Should more flexible health care professional licensing continue after COVID-19?

Shirley Svorny and Michael Cannon of the Cato Institute have a long history (see here) of criticizing government licensing of physicians and other health care providers (e.g., nurse practitioners [NPs], nurses). Their proposed alternative has been to allow private entities to certify the competence of practitioners. They claim that private entities would increase competition by allowing an increase in supply, allow for more cross-specialty competition, permit more flexible certification categories, and reduce the chance for incumbent control of government licensing boards that restrict supply. Those would favor government licensing would argue that the government may be able to better uphold quality standards than private-sector entities with a potential profit motive or conflict of interest. To generalize, the pro-certification camp (e.g., Svorny and Cannon) typically is more concerned with cost of care, efficiency and value; the pro-government licensing camp typically is more concerned with minimum quality standards independent of cost.
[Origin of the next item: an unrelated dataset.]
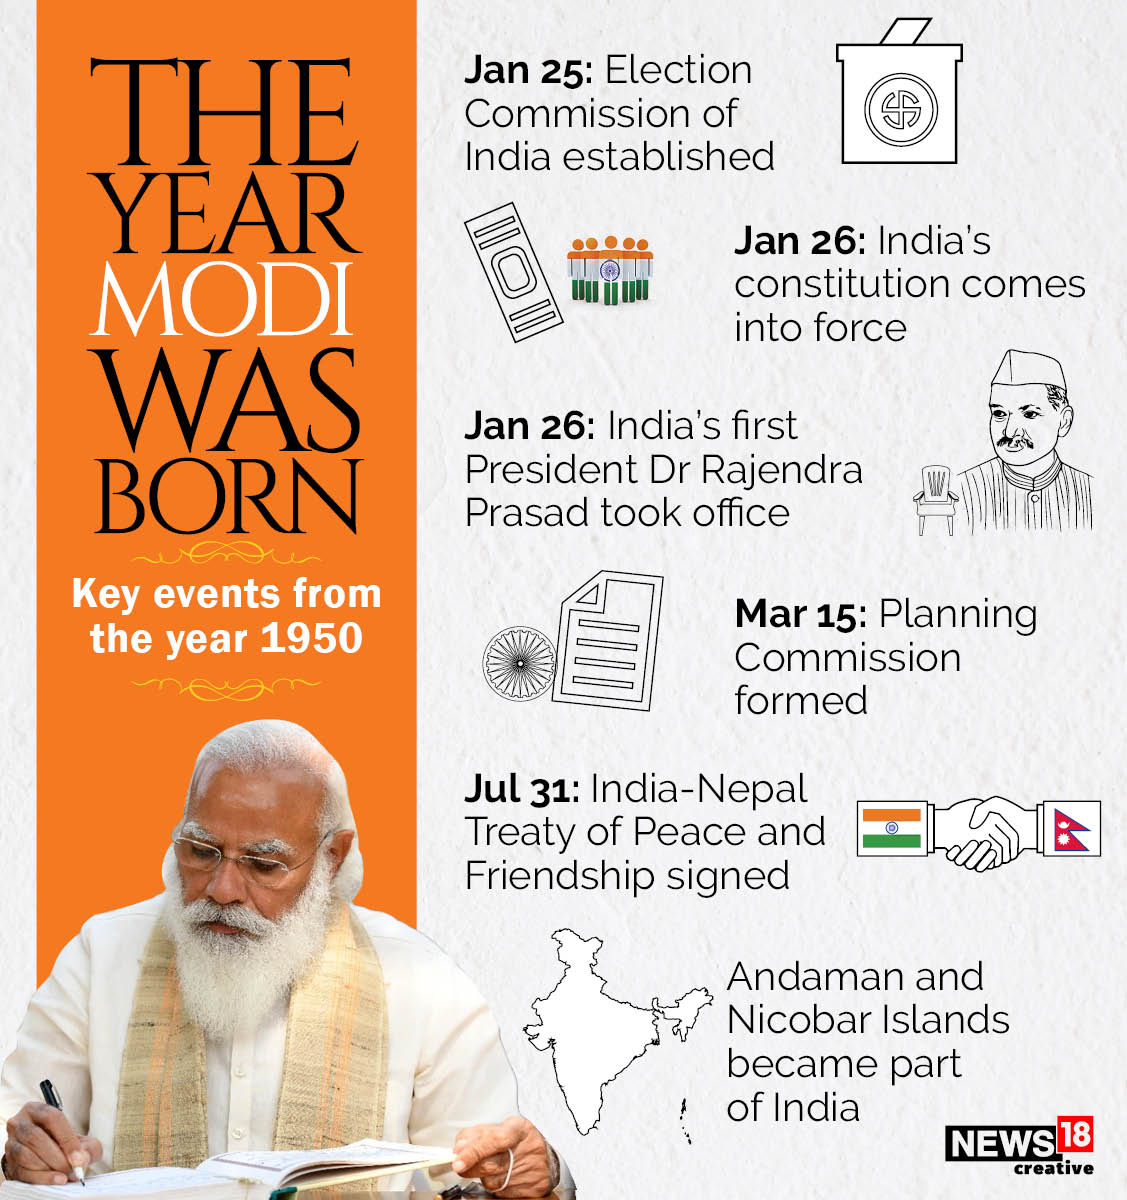 The year 1950 is the common thread binding Narendra Modi and Indian Constitution coming into force

A recent white paper by Svorny and Cannon, however, argues that the cost of the lack of flexibility in government licensing has truly been highlighted by the recent COVID-19 pandemic. As there has been a surge in need for care of COVID patients, cross-specialty support is needed to care for the surge in COVID-19 patients.

State governments have not been entirely passive, however. There has been some loosening of government licensing restrictions during the pandemic by most states. Some examples:

New York expanded scopes of practice to let nurse anesthetists, physician assistants, and specialist assistants practice independently; to let pharmacy technicians help pharmacists compound, prepare, label, and dispense drugs for home infusion providers; and to increase the number of providers who can supervise emergency medical services personnel.63 Alabama expanded scopes of practice for NPs, nurse midwives, nurse anesthetists, physician assistants, and anesthesia assistants, freeing them to “practice to the full scope of their practice as determined by their education, training, and current national certification(s).”64 Colorado expanded scopes of practice for a host of health professionals…as well as (unlicensed) nursing students and medical assistants by allowing NPs and nurse anesthetists to delegate tasks to them.65 States including California, Maryland, and North Dakota allowed pharmacists to order and collect specimens for COVID-19 tests… Most states—including New Jersey and New York—suspended prohibitions on clinicians in other states providing care to their residents, whether in person or via telemedicine, either outright or by way of conditional waivers that require registration or an emergency license.72 Several states removed barriers to clinicians providing care after they retired or otherwise allowed their licenses to lapse.

Yet, not all states were so flexible and COVID-19 reveals that incumbents still wield significant power.

[In California, the]…state’s Department of Consumer Affairs refused to allow NPs to practice independently and instead increased the number of NPs each physician could supervise

Allowing for a more flexible credentialing program as Svorny and Cannon propose would certainly reduce cost and increase patient access to care. If done right, quality may not suffer. If credentialing is implemented in less robust way, however, there is a risk of quality reductions. Nevertheless, the Cato researchers make some compelling points that allowing for health care professionals to have more flexibility in how they practice medicine would be a net positive for society.